Heavy Ghetto was also released in 12" Vinyl on November 25, 2011.

===Singles===
1. "Straight Out of Canton", whose name borrows from Straight Outta Compton by N.W.A. The single is different from the original version heard on Die Hungry, featuring new instrumental pieces.
2. "F.O.B. (Fresh off the Boat) For Life", a song boasting about their physical attributes and skills. This song is nowhere to be found on Die Hungry.
3. "Dim Sum Girl", a love ballad about the heartbreak of Hong Kong Fever from his former love, a dim sum girl (woman pushing around carts of dim sum in Chinese restaurants).
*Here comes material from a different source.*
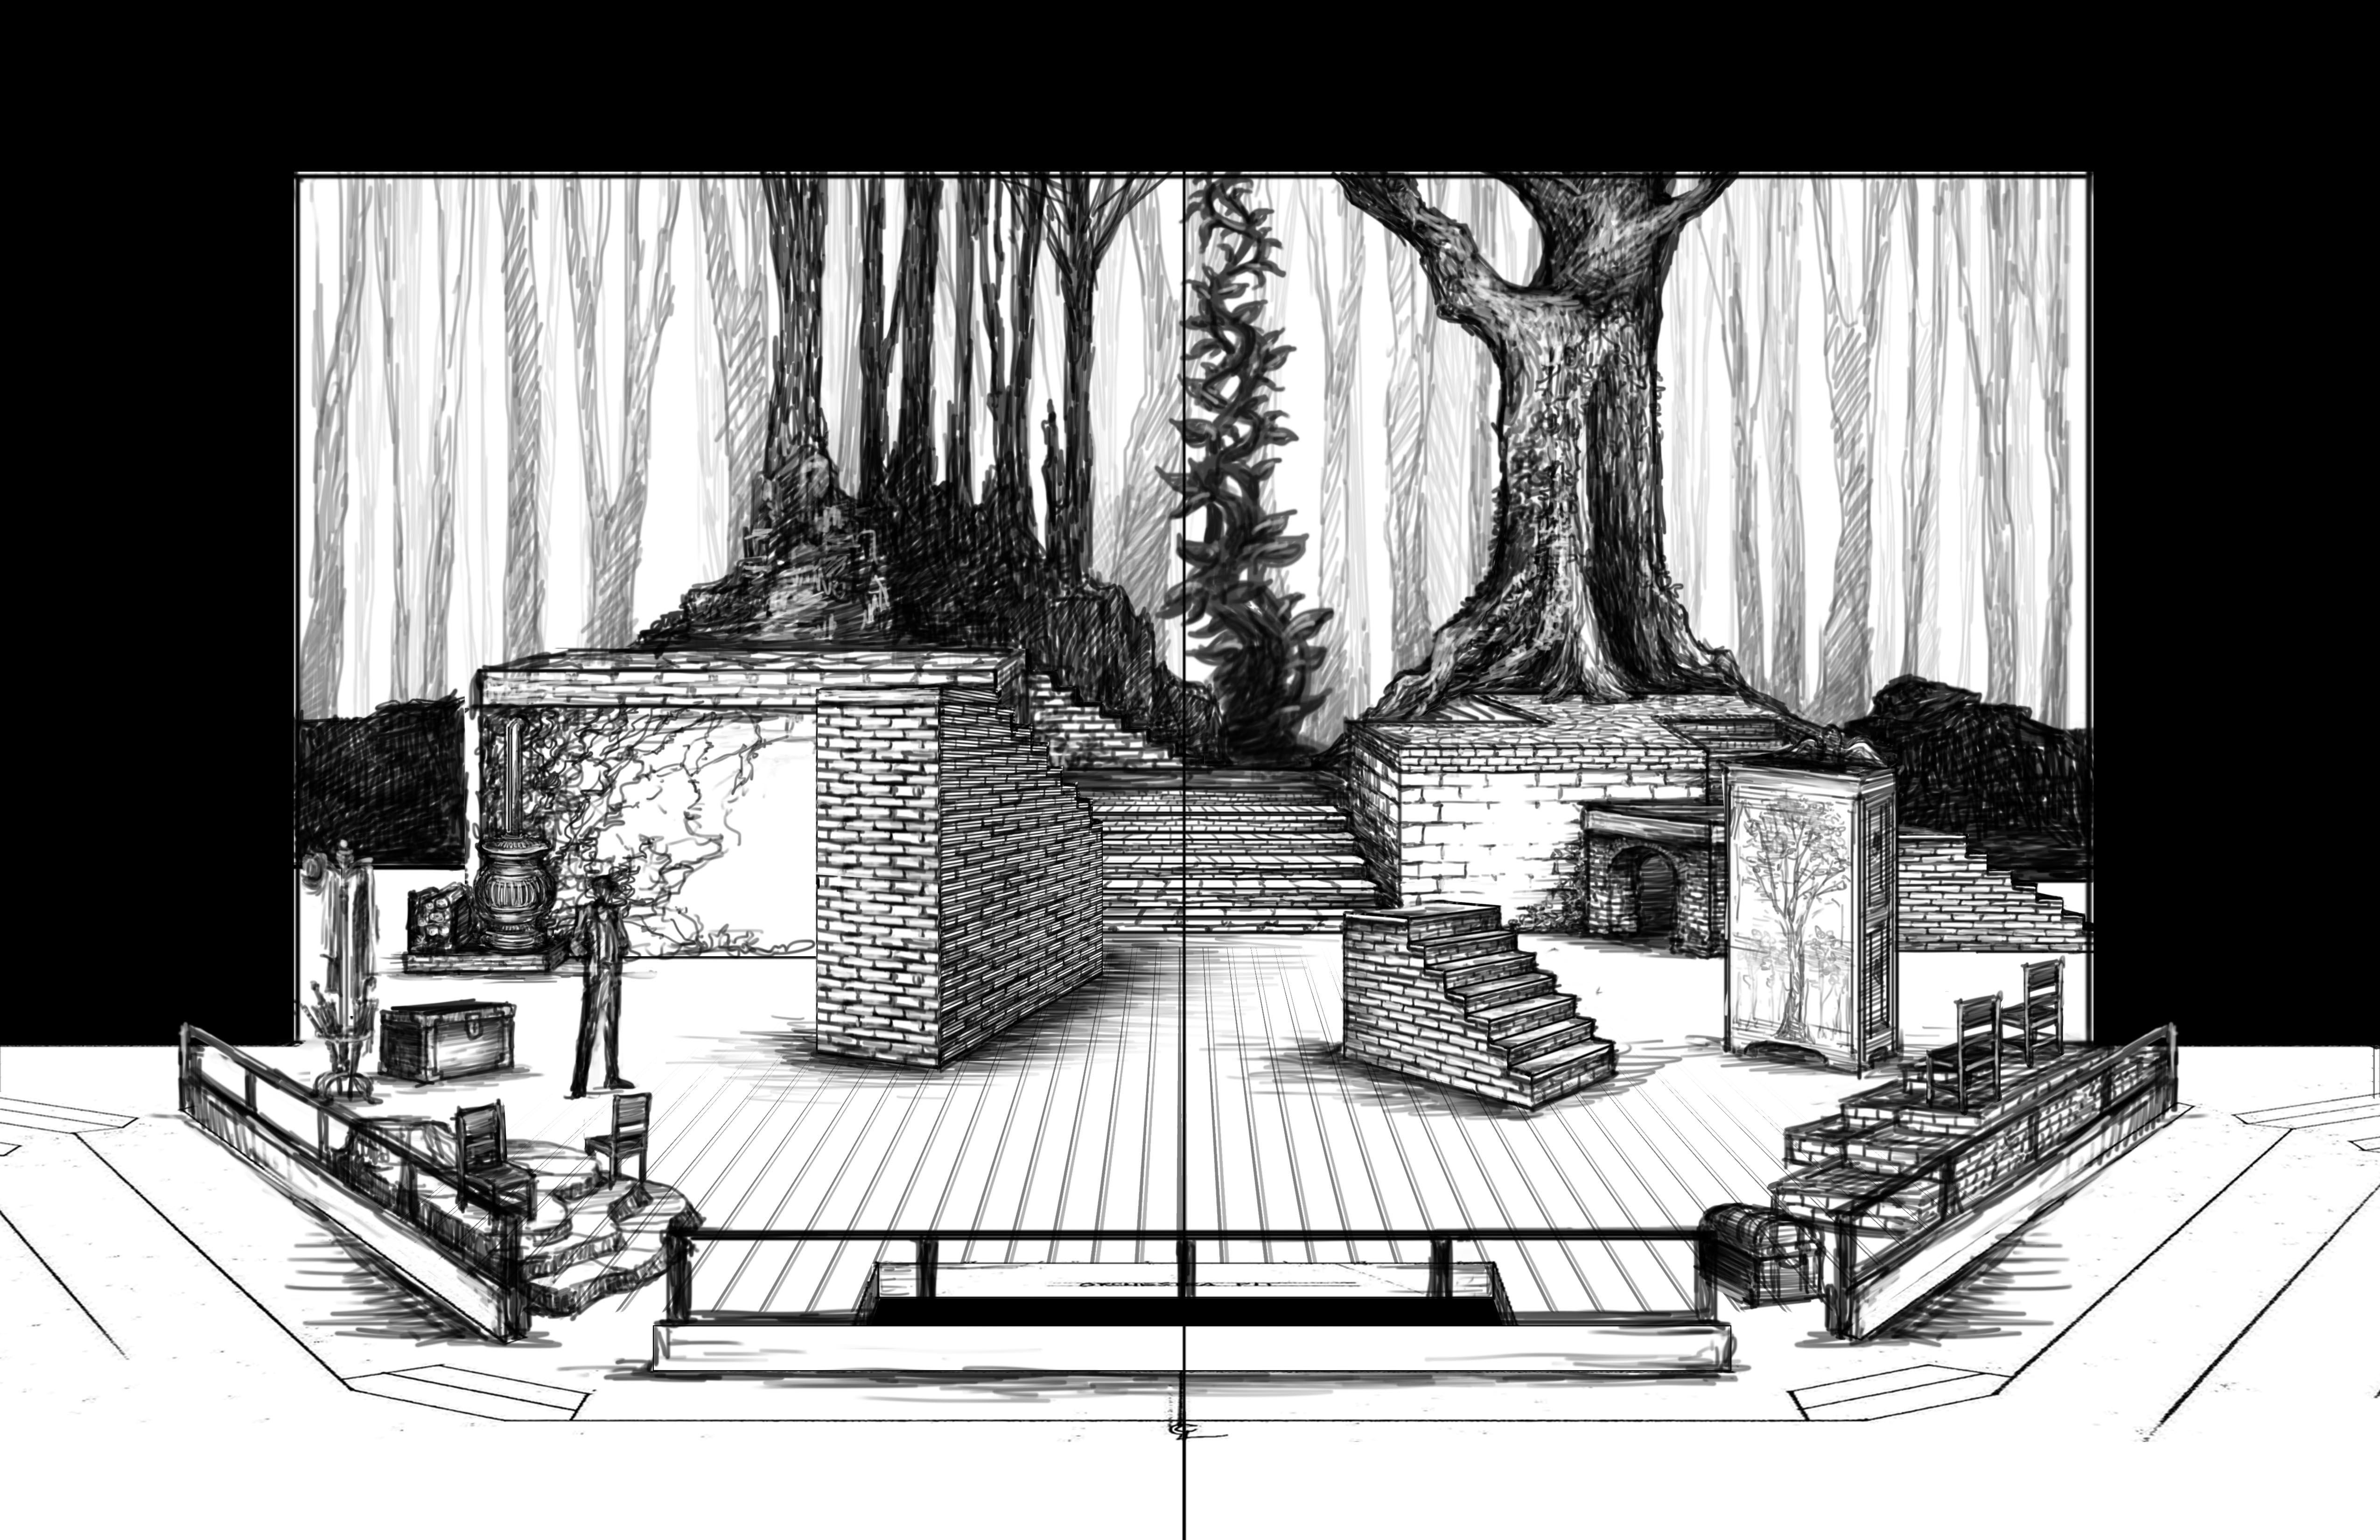 13. The Beanstalk

It was featured in a Chinese reality television show.
4. "Kowloon Bay", a love ballad similar in flavor to Dim Sum Girl where Hong Kong Fever reminisces about his first love back in Kowloon Bay (a district in Hong Kong).
5. "Chinatown Hustler", a song about the life of a Chinatown gangster. This is also the single in which The Hunan Bomb is first heard. The music video officially aired on August 14, 2006. It is found on the video game original soundtrack of Wet
6. "Traditional Roughnecks"
7. "Old Shanghai" This song has been very hard to locate, since it was made very early on in the formation of Notorious MSG. Drinking a cup of Oolong Tea ("For days of Old Shanghai my dear, For days of Old Shanghai, We'll drink a cup of oolong tea, For the days of Old Shanghai") is the main action that is performed in the song's lyrics.

===Music videos===
1. "Straight Out of Canton", their first music video, features scenes of working in the kitchen and raising hell in the streets of the Chinatown ghetto.
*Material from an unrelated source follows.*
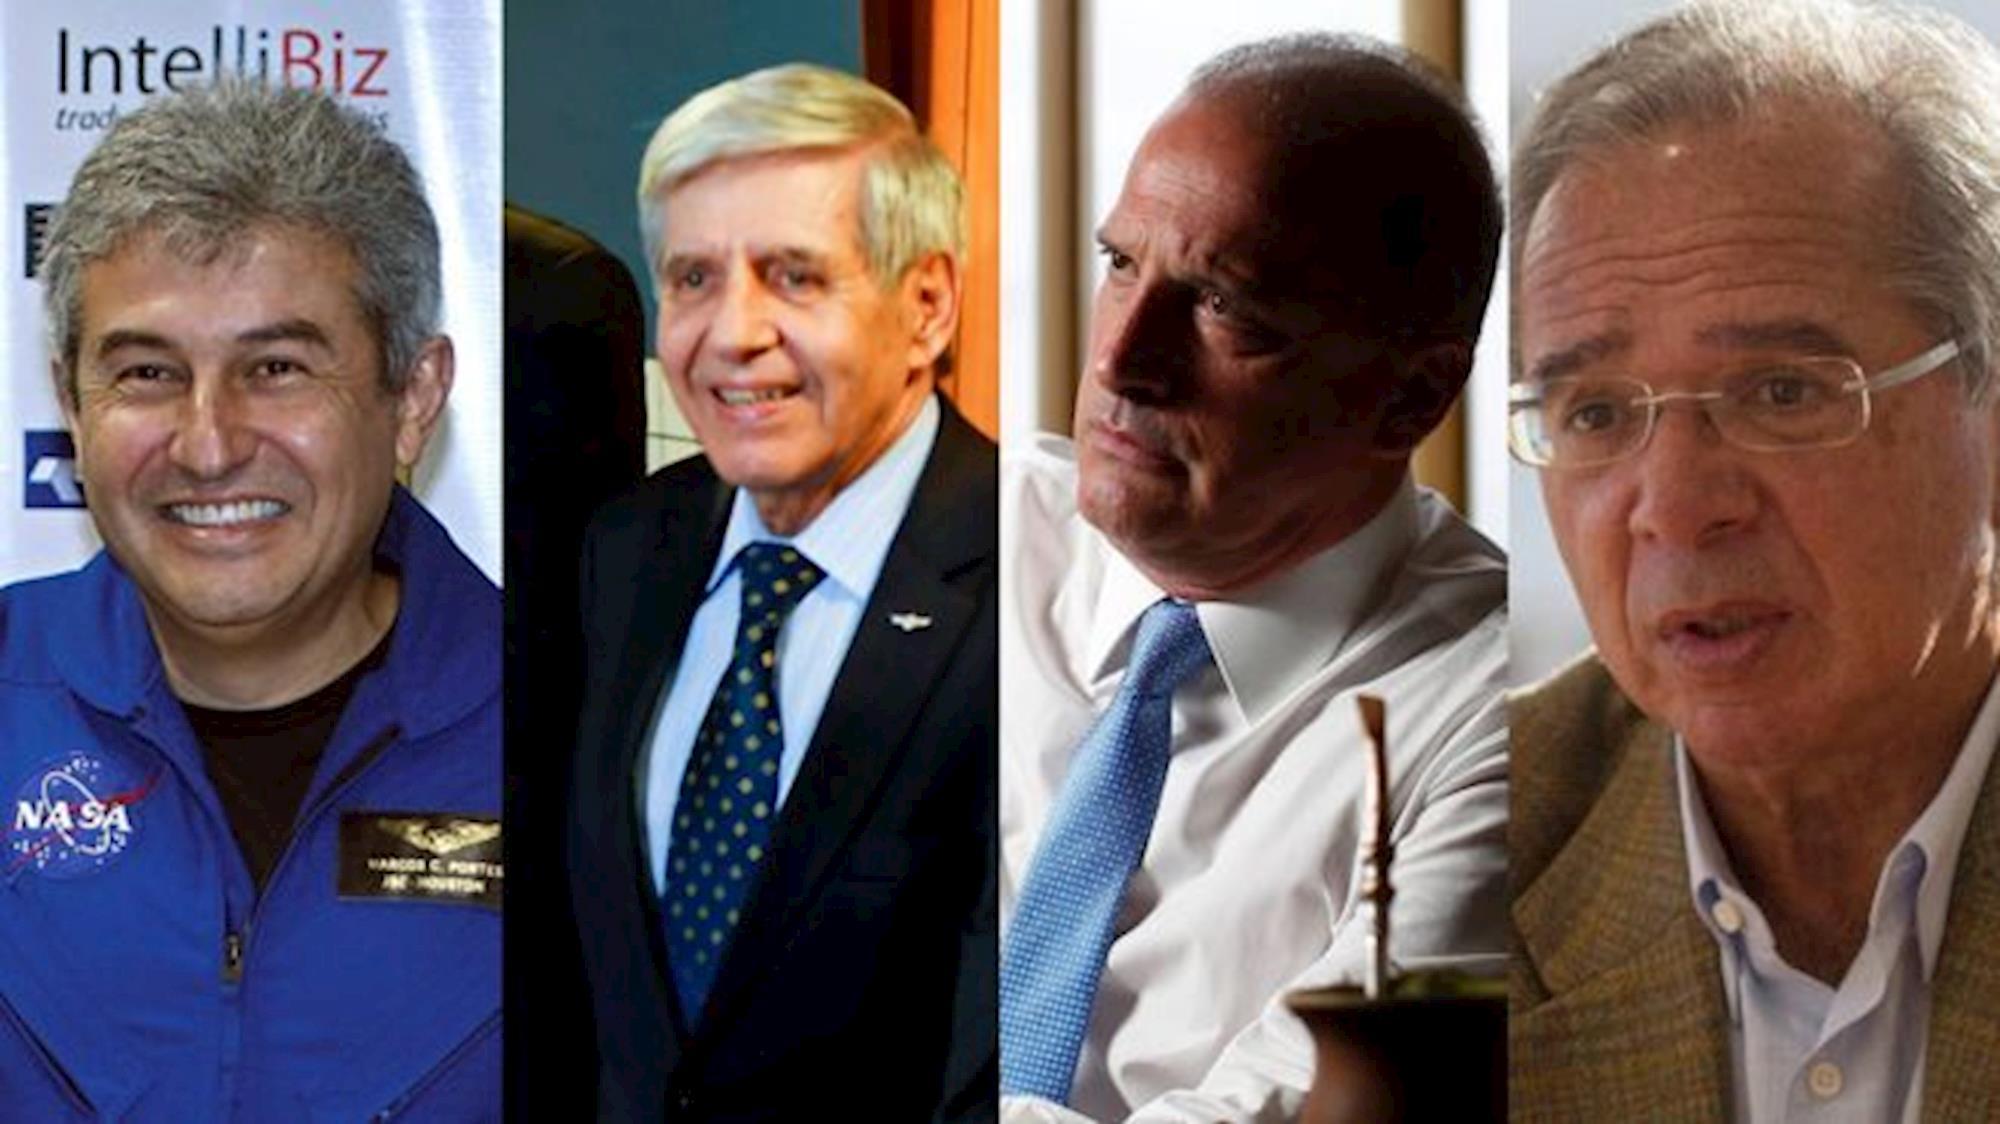 ministro, governo, bolsonaro,, AFP/GETTY

2. "Chinatown Hustler", features the life of a Chinatown gangster. It's a hard life when you're driving a pimpin' car around town, selling drugs, breaking up gambling parties and cavorting with ladies of the night.
3. "Red Tonight" features the Notorious MSG jamming in a Chinatown rock club, along with a group of hard-partying friends.
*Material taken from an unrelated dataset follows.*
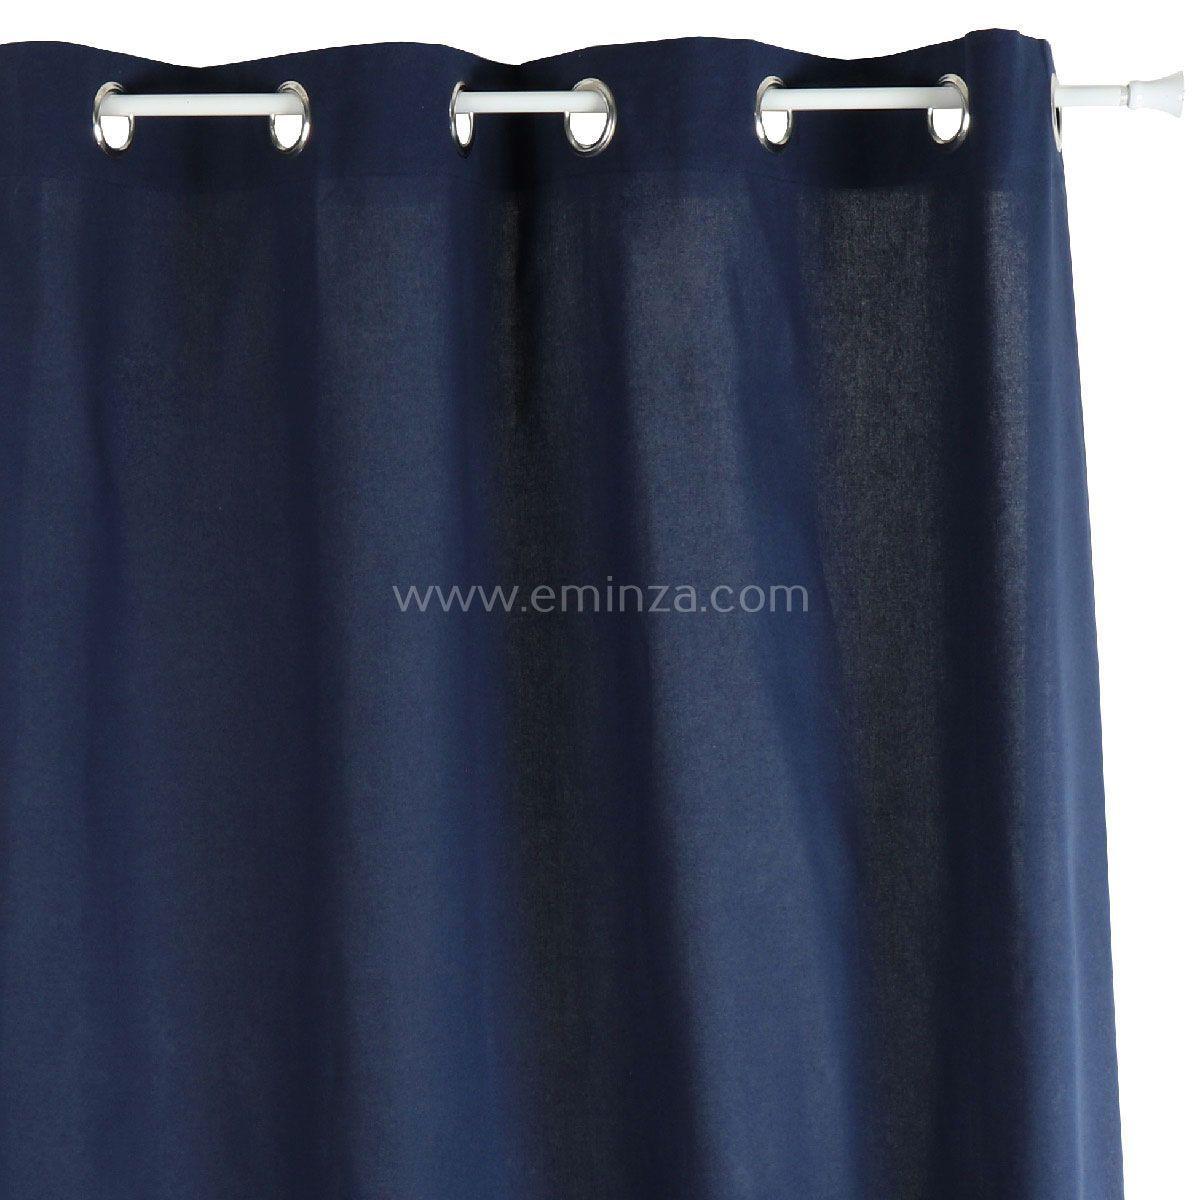 rideau tamisant 140 cm x h240 etna bleu marine rideau tamisant eminza. Black Bedroom Furniture Sets. Home Design Ideas

4. "Wonton Violence" has them dressed in leather and sunglasses showing off how tough they are in a martial arts gym.

==Schoolhousin' videos==
A web series on lessons from the Chinatown hood, as told by the Notorious MSG. All videos can be viewed on the band's YouTube channel.
1. Schoolhousin': The MSG Web Series - Intro to the new "Schoolhousin'" web series
2. Episode 1: "For the Ladies" - Get schooled on how to attract the ladies. It's an illustrated guide on how true beauty comes from within.
3. Episode 2: "Dirty Deeds" - An important lesson about dating and the details that are shared amongst friends/bruthas/Chinatown pimps. When is it too much?
4. Schoolhousin': A Halloween Special - Turn off the lights, grab the Holy water and be prepared to learn a lesson in fear, Chinatown style!
5. Episode 3: "Chinatown Chat" - This lesson will address some of the issues one must face to successfully grease your noodle without disturbing the other cooks in the kitchen.
6. Episode 4: "Stress is for Suckas" - This episode documents the raw and brutal reality that many pimps have had to face in times of great stress.
7. Schoolhousin' Safety: Look Before You Cook - Get schooled on why dancing like a freak in the kitchen isn't always a good idea.
8. Episode 5: "Apple Jackin'" - When your roommates eat your Apple Jacks without permission, they must be punished swiftly and without mercy. This is how to survive in the Chinatown hood.
9. Episode 6: "Egg Rollin'" - The MSG are about to blaze up their "family recipe" egg-rolls. When three unsuspecting ladies (The Gyoza Girls) arrive on the scene the recipe becomes one for disaster.